Work order » Go to the line holding "nehemiah 1 5[kjv] god is love scripture" in the entries below and write out exactly every line down to and including the line holding "Διεθνές Συνέδριο που".

===== Task material =====

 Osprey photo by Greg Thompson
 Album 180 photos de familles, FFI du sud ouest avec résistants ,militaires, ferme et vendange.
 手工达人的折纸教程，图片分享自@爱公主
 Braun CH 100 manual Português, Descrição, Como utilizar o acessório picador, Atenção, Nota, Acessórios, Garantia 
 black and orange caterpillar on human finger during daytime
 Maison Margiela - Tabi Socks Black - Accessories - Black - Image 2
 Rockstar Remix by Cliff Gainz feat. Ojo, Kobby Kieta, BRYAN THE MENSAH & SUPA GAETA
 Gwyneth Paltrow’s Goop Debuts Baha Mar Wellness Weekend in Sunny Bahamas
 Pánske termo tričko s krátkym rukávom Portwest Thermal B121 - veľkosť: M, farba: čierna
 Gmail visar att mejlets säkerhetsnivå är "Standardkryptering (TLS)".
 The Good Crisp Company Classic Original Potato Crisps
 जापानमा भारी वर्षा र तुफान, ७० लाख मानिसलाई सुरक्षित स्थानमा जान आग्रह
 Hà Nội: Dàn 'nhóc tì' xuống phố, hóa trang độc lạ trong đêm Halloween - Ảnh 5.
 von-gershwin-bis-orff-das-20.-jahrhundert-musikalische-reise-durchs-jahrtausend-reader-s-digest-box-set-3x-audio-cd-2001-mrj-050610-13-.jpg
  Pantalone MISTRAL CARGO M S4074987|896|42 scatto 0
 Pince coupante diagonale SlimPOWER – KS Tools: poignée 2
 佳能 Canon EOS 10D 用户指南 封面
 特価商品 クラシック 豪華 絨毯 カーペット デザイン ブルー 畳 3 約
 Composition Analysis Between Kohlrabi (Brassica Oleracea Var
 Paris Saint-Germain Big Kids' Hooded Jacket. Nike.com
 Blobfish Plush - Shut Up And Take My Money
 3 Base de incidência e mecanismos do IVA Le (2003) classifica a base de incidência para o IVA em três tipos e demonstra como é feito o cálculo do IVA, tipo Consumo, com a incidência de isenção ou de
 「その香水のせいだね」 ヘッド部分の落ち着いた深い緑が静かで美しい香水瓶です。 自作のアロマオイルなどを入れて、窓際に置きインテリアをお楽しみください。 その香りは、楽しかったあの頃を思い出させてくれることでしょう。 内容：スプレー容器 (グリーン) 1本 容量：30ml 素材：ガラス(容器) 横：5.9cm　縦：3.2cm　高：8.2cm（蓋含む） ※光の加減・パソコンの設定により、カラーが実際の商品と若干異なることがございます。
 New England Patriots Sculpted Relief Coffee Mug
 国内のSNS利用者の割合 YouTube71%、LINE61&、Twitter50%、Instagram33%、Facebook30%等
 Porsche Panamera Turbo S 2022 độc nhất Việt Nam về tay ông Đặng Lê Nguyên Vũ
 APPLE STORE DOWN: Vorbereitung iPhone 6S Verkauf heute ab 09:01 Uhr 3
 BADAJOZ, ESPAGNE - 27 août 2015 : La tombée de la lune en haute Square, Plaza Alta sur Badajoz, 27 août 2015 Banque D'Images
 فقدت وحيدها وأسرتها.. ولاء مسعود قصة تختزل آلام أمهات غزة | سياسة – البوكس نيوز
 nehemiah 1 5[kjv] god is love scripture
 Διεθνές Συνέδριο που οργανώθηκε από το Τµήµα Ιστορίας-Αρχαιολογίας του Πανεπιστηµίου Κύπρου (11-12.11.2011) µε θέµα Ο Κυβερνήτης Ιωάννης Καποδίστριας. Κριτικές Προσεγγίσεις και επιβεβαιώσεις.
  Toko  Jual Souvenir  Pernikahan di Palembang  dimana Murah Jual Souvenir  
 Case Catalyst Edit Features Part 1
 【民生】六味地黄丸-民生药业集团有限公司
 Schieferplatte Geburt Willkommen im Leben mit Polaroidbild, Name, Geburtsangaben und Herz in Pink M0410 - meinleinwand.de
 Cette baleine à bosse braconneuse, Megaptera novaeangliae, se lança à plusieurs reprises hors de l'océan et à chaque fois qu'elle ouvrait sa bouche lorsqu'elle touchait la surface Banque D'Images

=====

Output of the exercise »
 nehemiah 1 5[kjv] god is love scripture
 Διεθνές Συνέδριο που οργανώθηκε από το Τµήµα Ιστορίας-Αρχαιολογίας του Πανεπιστηµίου Κύπρου (11-12.11.2011) µε θέµα Ο Κυβερνήτης Ιωάννης Καποδίστριας. Κριτικές Προσεγγίσεις και επιβεβαιώσεις.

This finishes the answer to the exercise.